If we alter the deck, either by removing or adding cards we change the likelyhood of getting a hand that has no solution and the distribution of the difficulty of the hands, but do we change it in a significant way.
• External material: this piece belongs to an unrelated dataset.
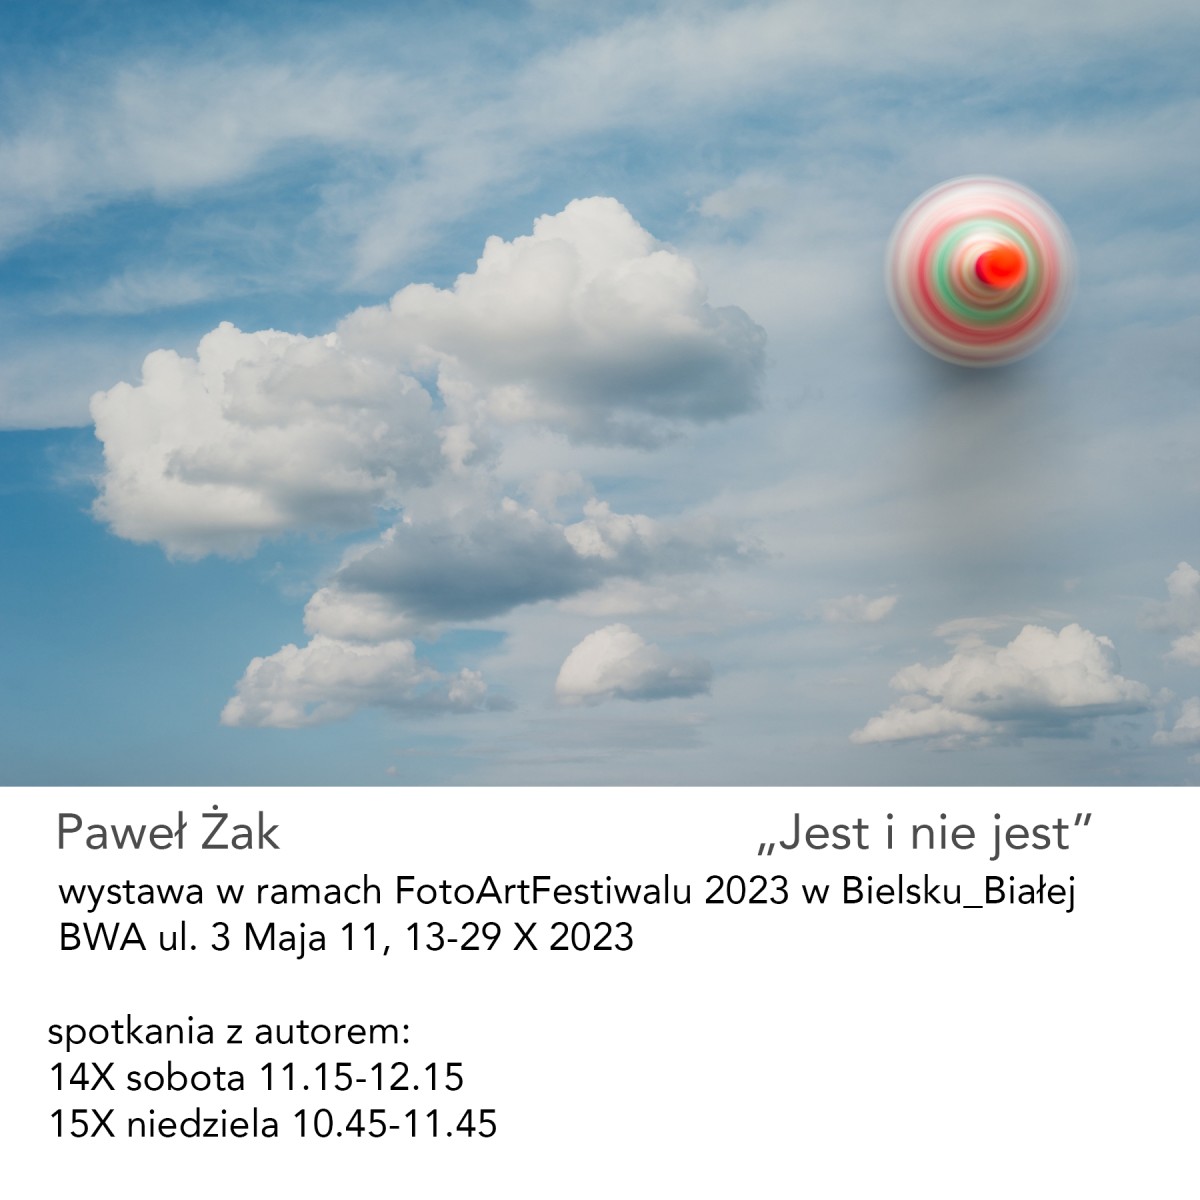 Zaproszenie na wystawe w bielsku bialej - FotoArtFestival Pawel Zak

If we restricted ourselves to one suit, we could only get combinations where every number was different. If we restricted to only one color, no number could show up more than twice. We could remove the face cards. These are all relatively simple alternations. We could could create a deck that had two aces, a king, a jack and three sevens removed. This removes the symmetry involved in our calculations and they become more challenging.